__The data__:
━━━━

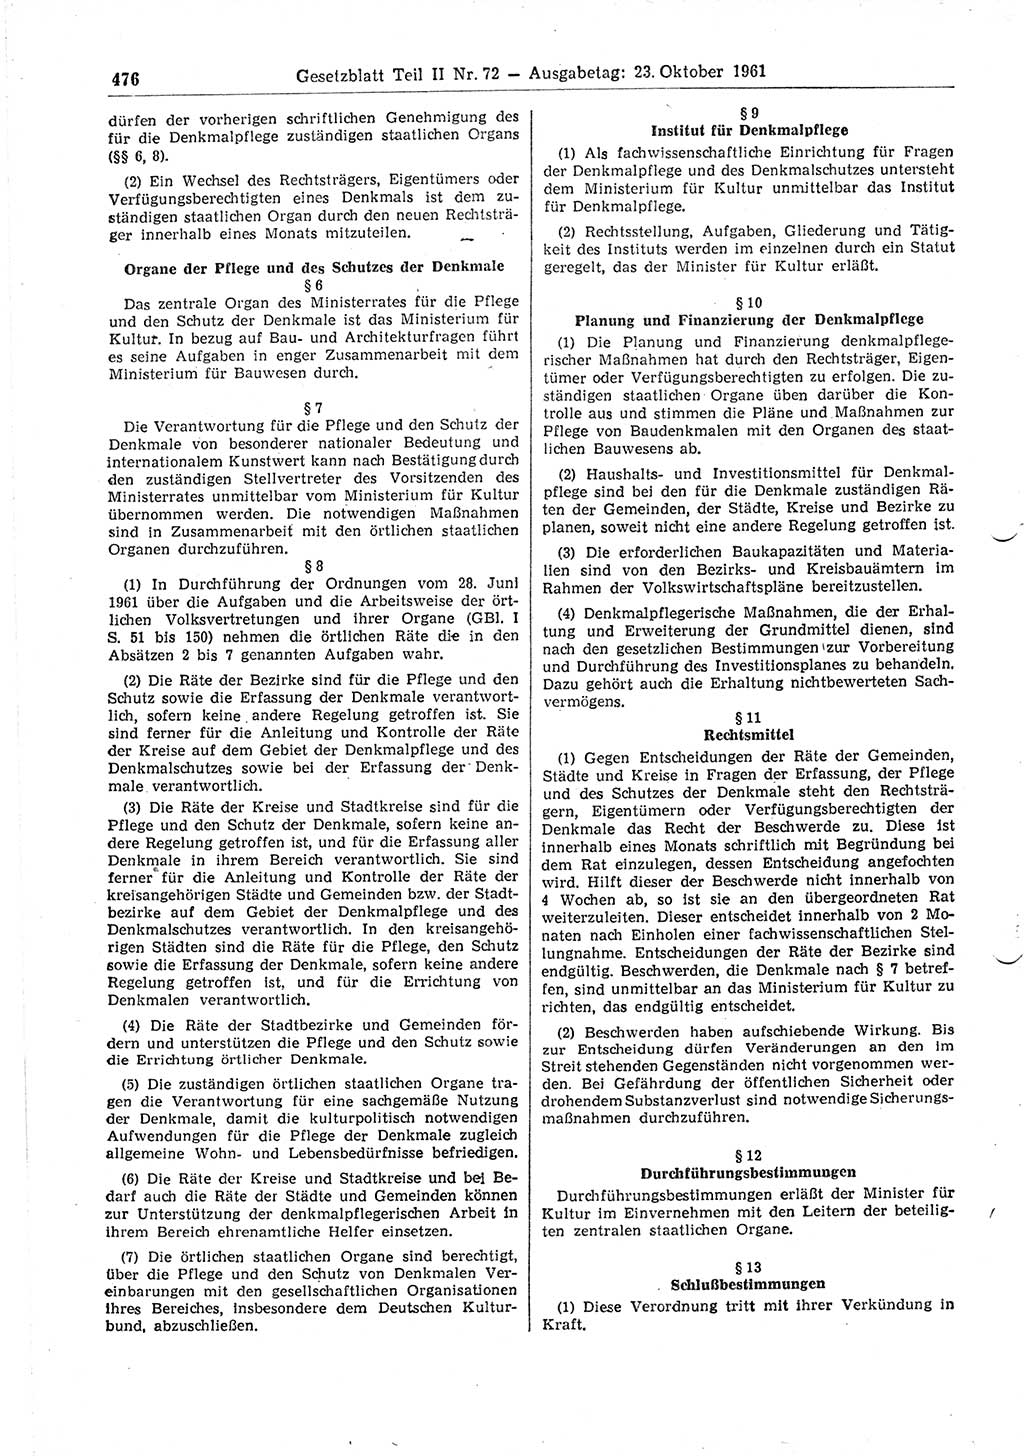 Gesetzblatt (GBl.) der Deutschen Demokratischen Republik (DDR) Teil ⅠⅠ 1961, Seite 476 (GBl. DDR ⅠⅠ 1961, S. 476)
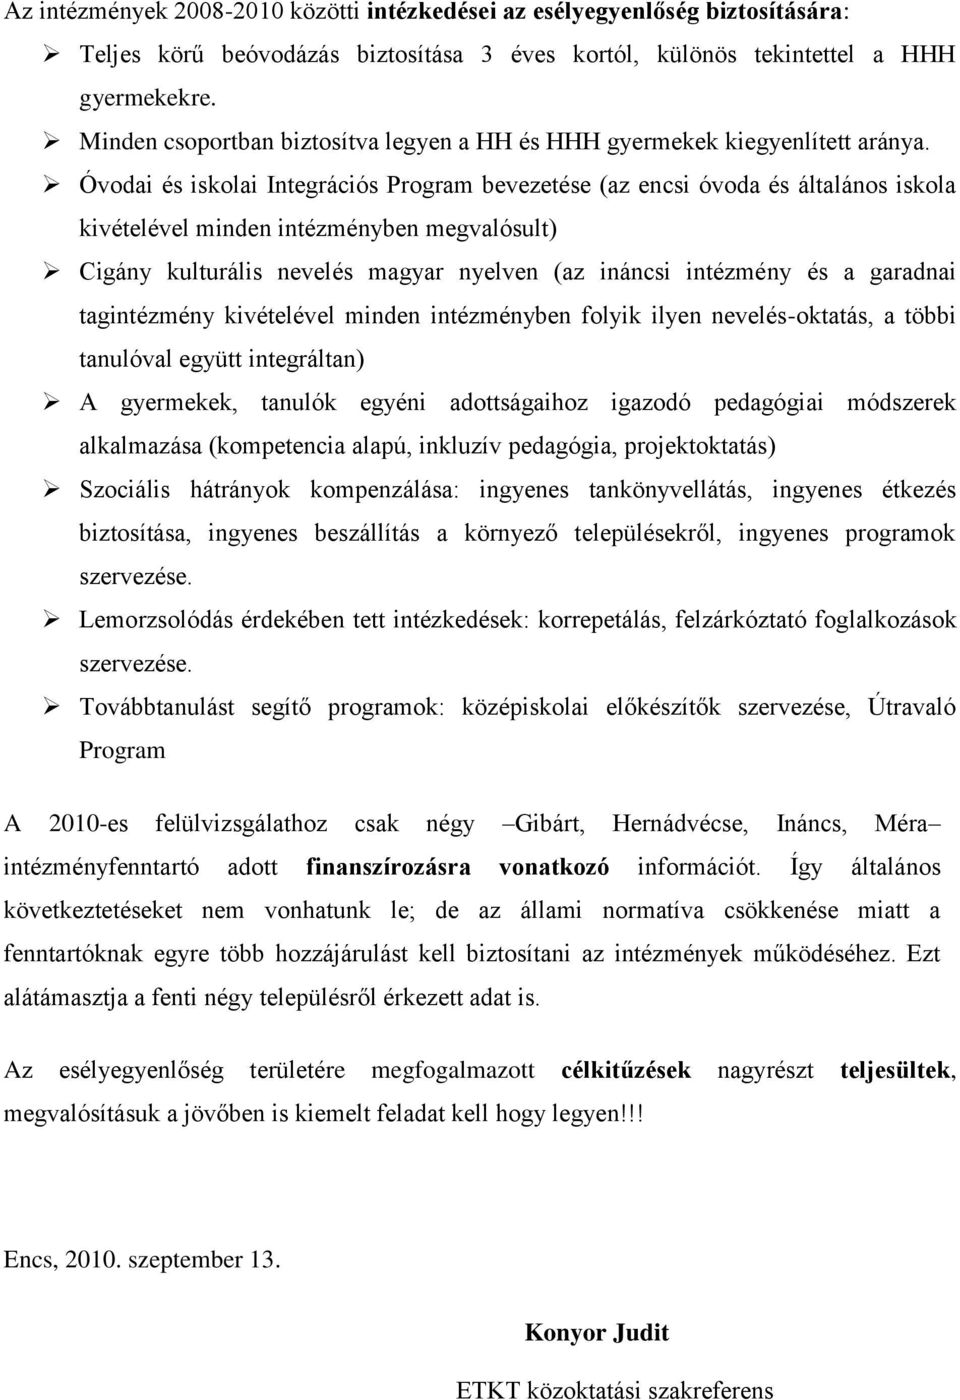 Óvodai és iskolai Integrációs Program bevezetése (az encsi óvoda és általános iskola kivételével minden intézményben megvalósult) Cigány kulturális nevelés magyar nyelven (az ináncsi intézmény és a
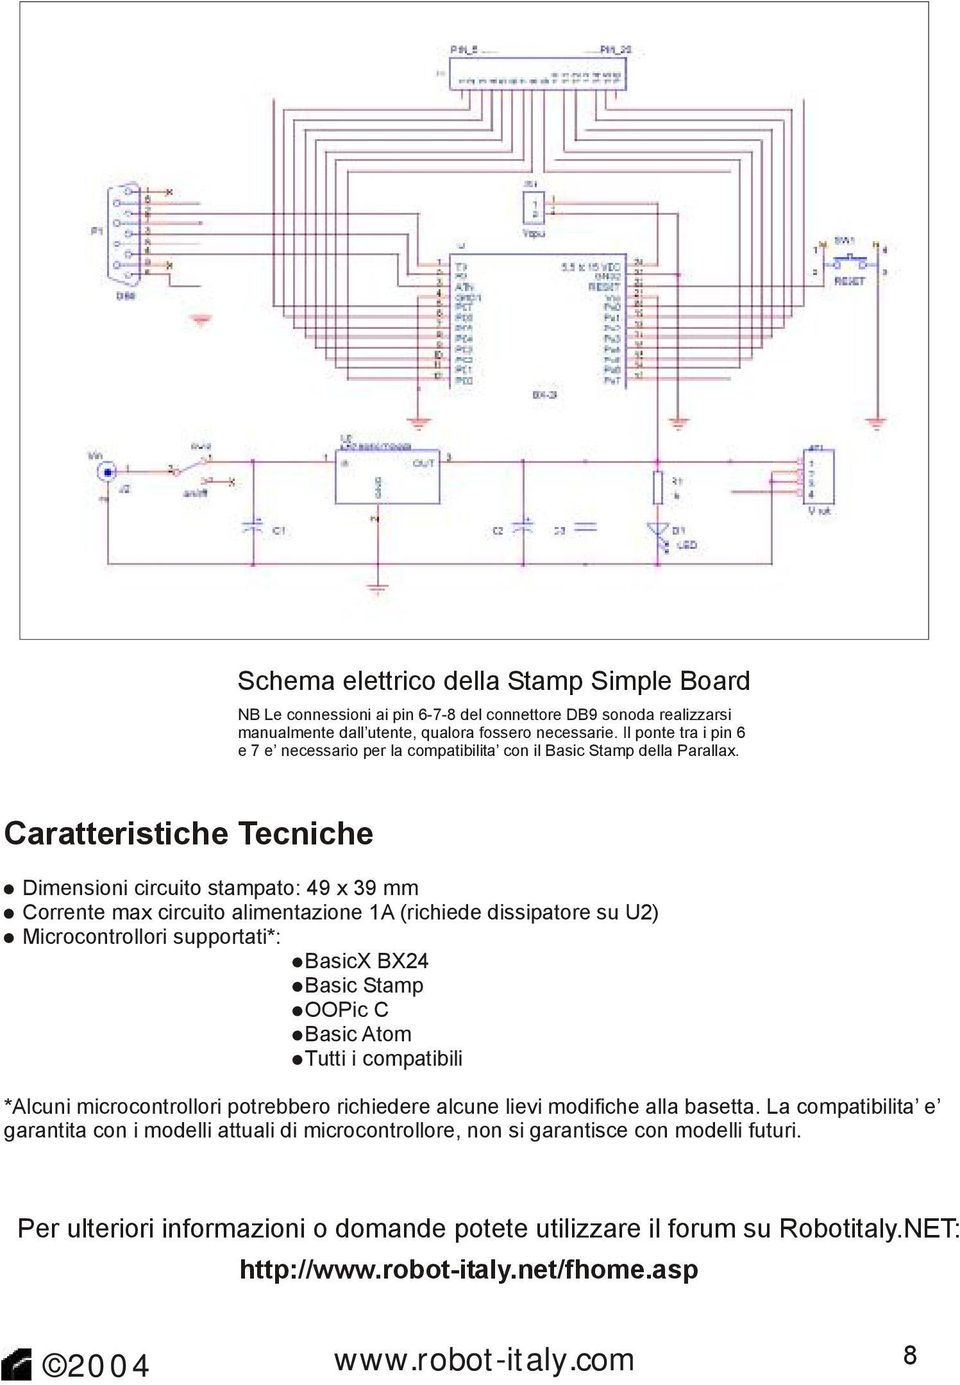 Caratteristiche Tecniche Dimensioni circuito stampato: 49 x 39 mm Corrente max circuito alimentazione 1A (richiede dissipatore su U2) Microcontrollori supportati*: BasicX BX24 Basic Stamp OOPic C
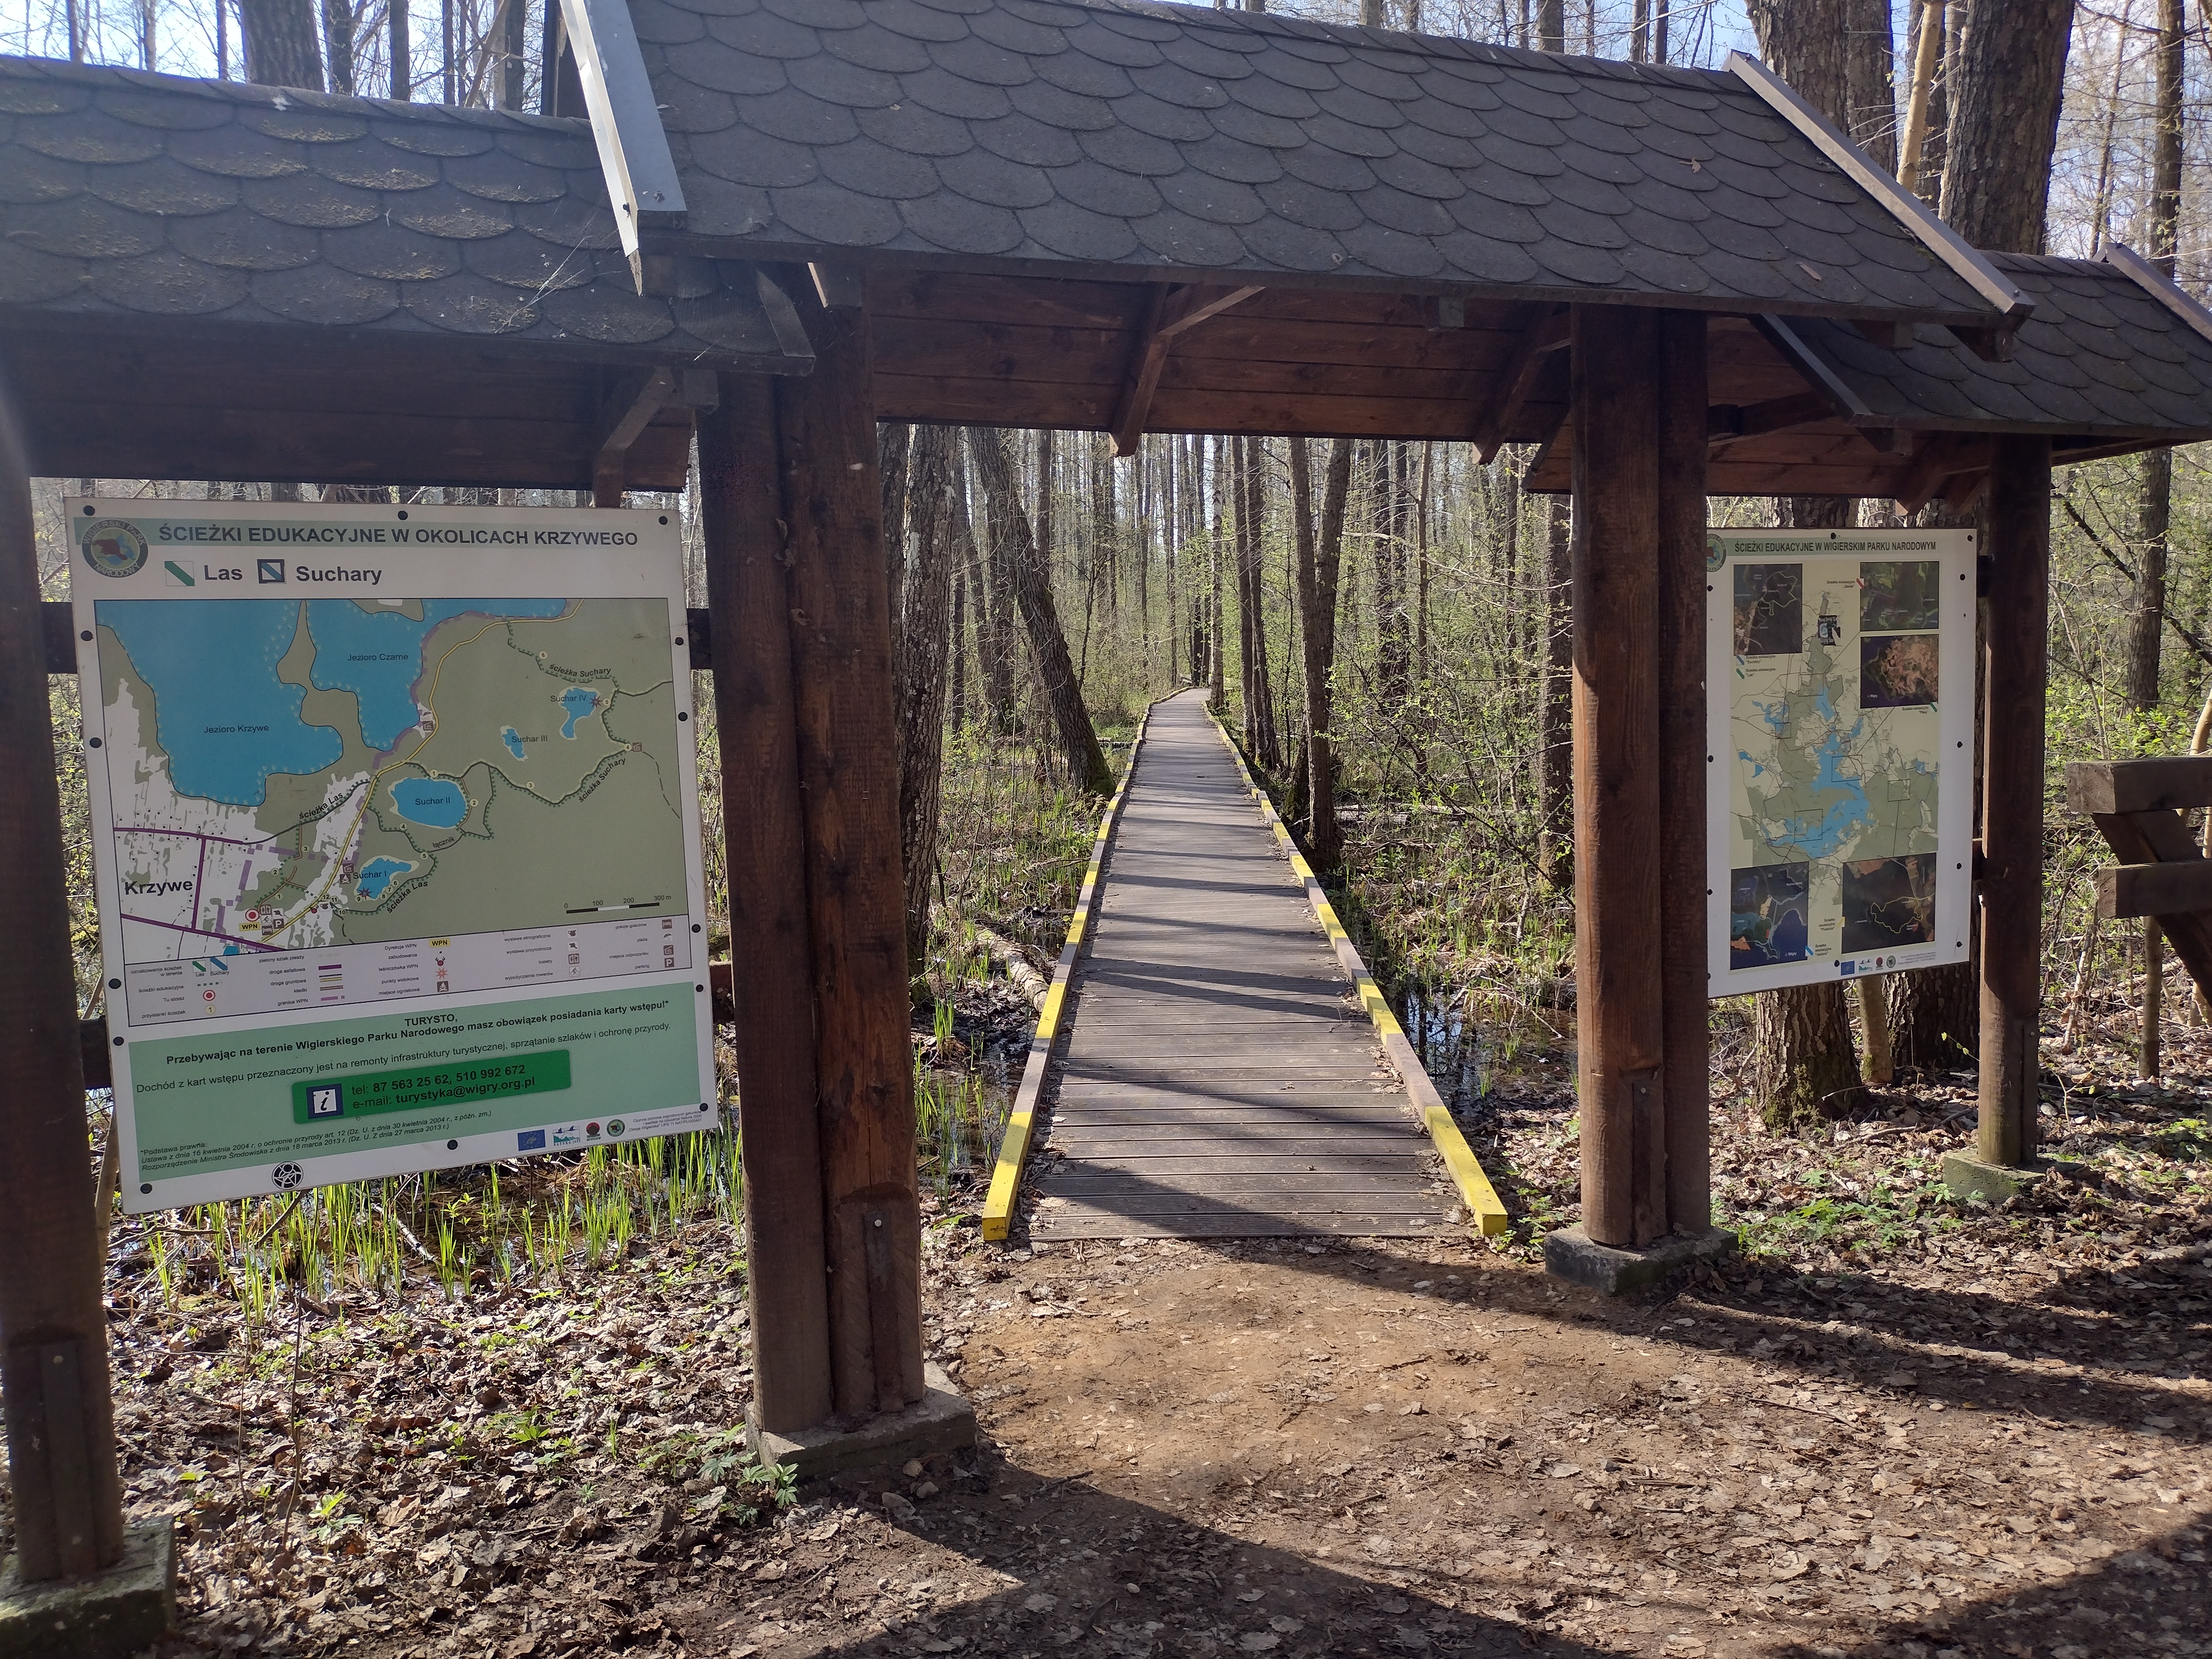 Wejście na ścieżkę turystyczną wiodącą przez las. Drewniana brama wejściowa z tablicami informacyjnymi po dwóch stronach. Na tablicach widoczne są mapy. Mapa z lewej strony prezentuje okoliczne ścieżki, z prawej strony mapa całego parku.

━━━━

__What the task requires__:
Reproduce the data above exactly, but only from the line containing "Óvodai és iskolai" through the line containing "Caratteristiche Tecniche Dimensioni". Omit all pictures.

__Written response__:
 Óvodai és iskolai Integrációs Program bevezetése (az encsi óvoda és általános iskola kivételével minden intézményben megvalósult) Cigány kulturális nevelés magyar nyelven (az ináncsi intézmény és a
 Caratteristiche Tecniche Dimensioni circuito stampato: 49 x 39 mm Corrente max circuito alimentazione 1A (richiede dissipatore su U2) Microcontrollori supportati*: BasicX BX24 Basic Stamp OOPic C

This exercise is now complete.